= Human rights violations during the Libyan civil war (2011) =

The outbreak of the Libyan civil war was followed by accusations of human rights violations by rebel forces opposed to Muammar Gaddafi, Gaddafi's armed forces, and NATO. The alleged violations include rape, extrajudicial killings, ethnic cleansing, misconduct and bombings of civilians.

==Libyan Armed Forces==

=== Claims of systematic shooting at protesters ===
Luis Moreno Ocampo, chief prosecutor of the International Criminal Court, estimated that between 500 and 700 people were killed by Gaddafi's security forces in February 2011, before the rebels even took up arms. "Shooting at protesters was systematic," Moreno-Ocampo stated, discussing the Libyan government's response to the initial anti-government demonstrations.
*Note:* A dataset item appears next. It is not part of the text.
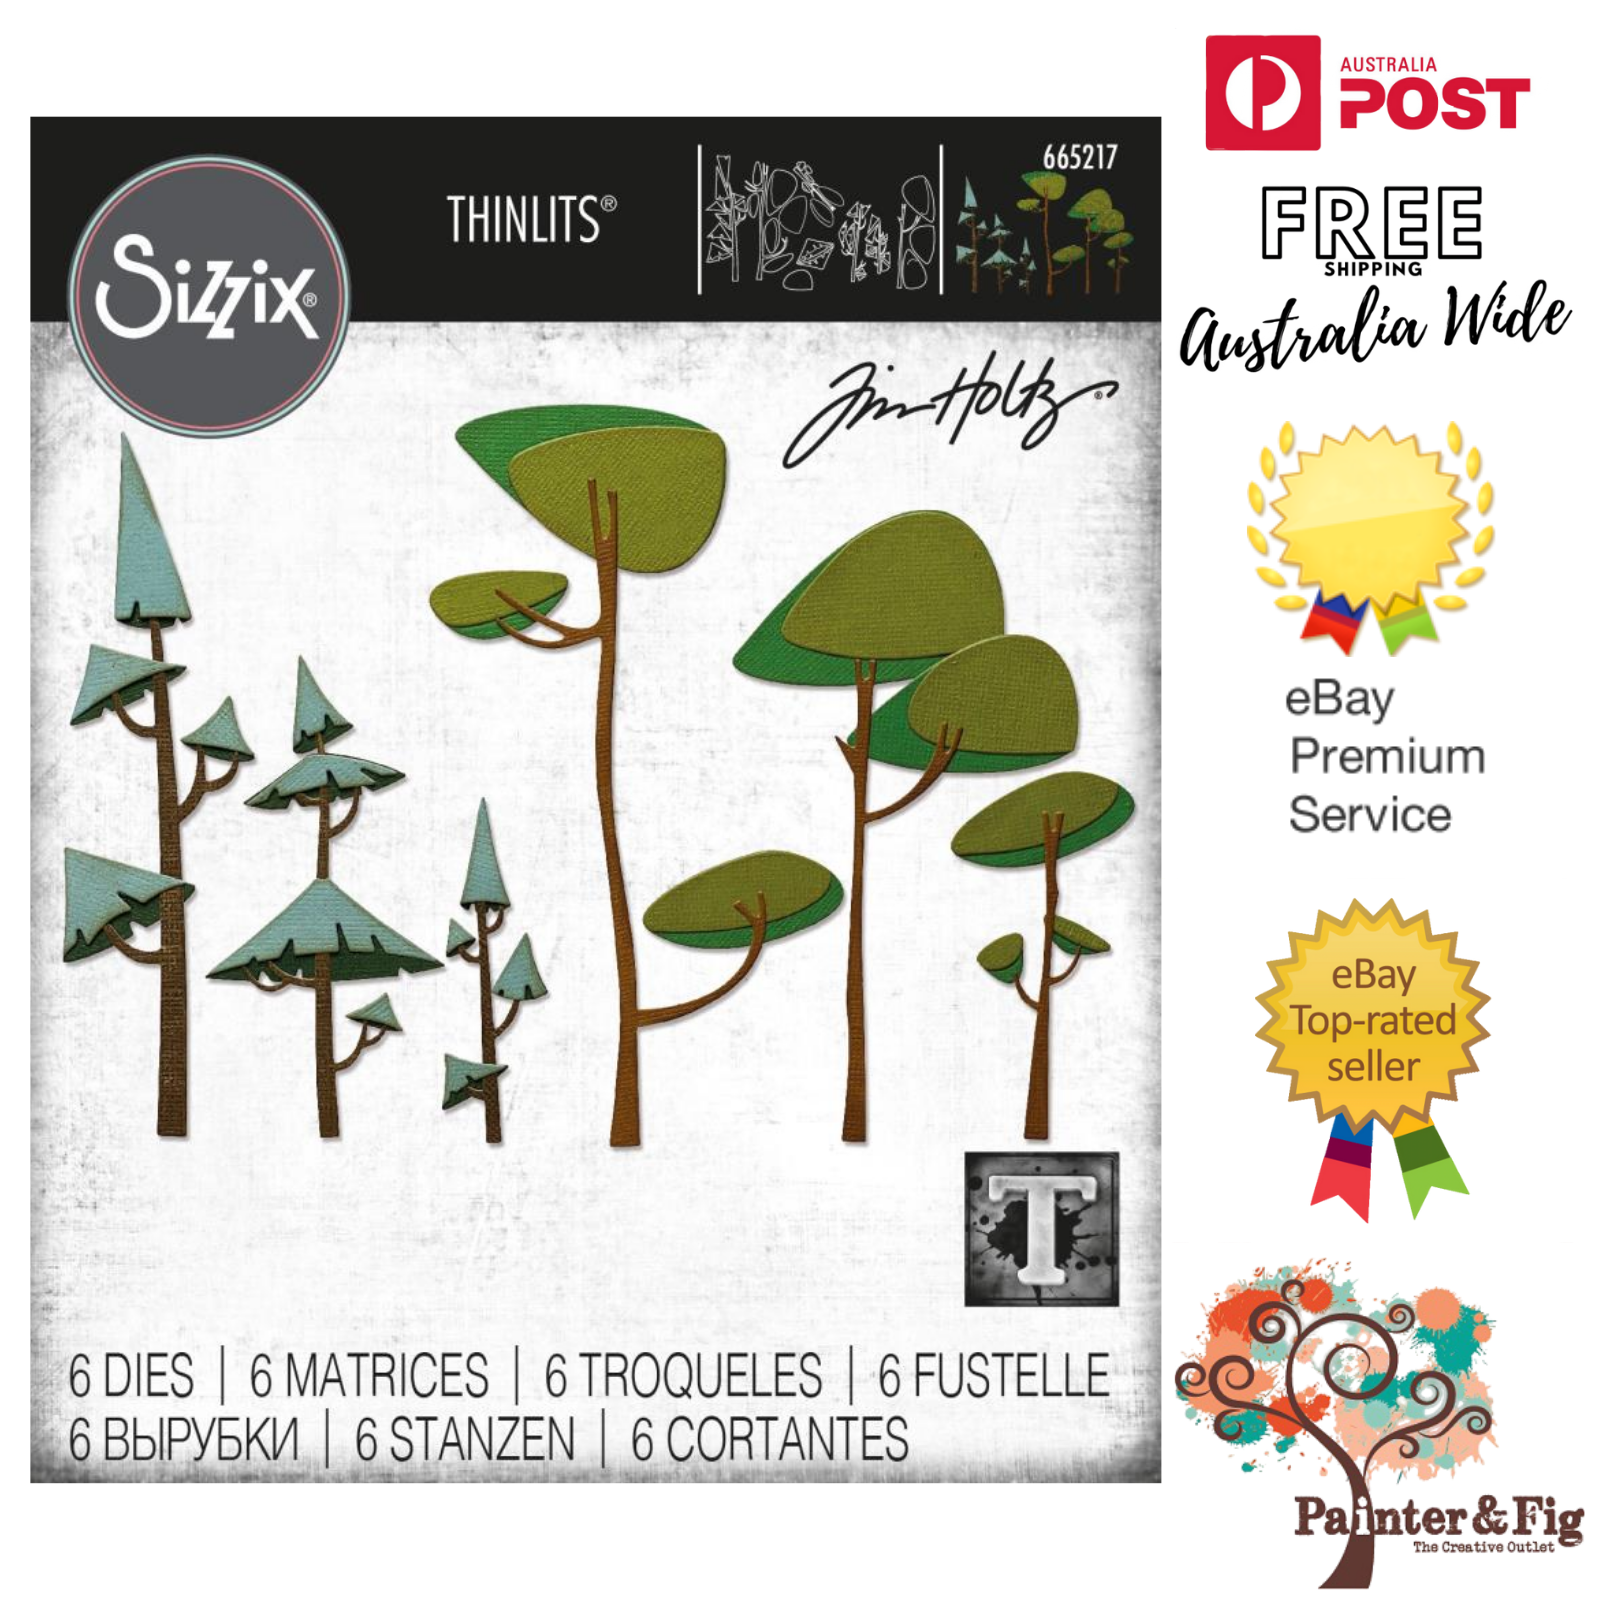 Tim Holtz Funky Trees Dies - Treetops, Trunks, Shrub, Stems - 665217 - Featuring 2 styles of tress with 3 different sizes

The Libyan government denied that they ordered killings of demonstrators in the early days of the uprising. They said that soldiers acted in self-defense as they were attacked by mobs.

Moreno-Ocampo further stated that during the conflict, "War crimes are apparently committed as a matter of policy" by forces loyal to Gaddafi.
This is further supported by claims of Human Rights Watch, that 10 protesters, who had already agreed to lay down arms, were executed by a government paramilitary group in Bani Walid in May.

In June 2011, an investigation carried out by Amnesty International claimed that allegations of use of anti-aircraft guns against crowds lack evidence, noting that rebels at times appeared to have made false claims or manufactured evidence. The used cartridges after protesters were shot at "came from Kalashnikovs or similar calibre weapons". According to the Amnesty investigation, "there is no proof of mass killing of civilians on the scale of Syria or Yemen", adding that in Bengazi 100 to 110 people were killed, and in Baida 59 to 64 people were killed. Most of these were probably protesters, and some might have had weapons.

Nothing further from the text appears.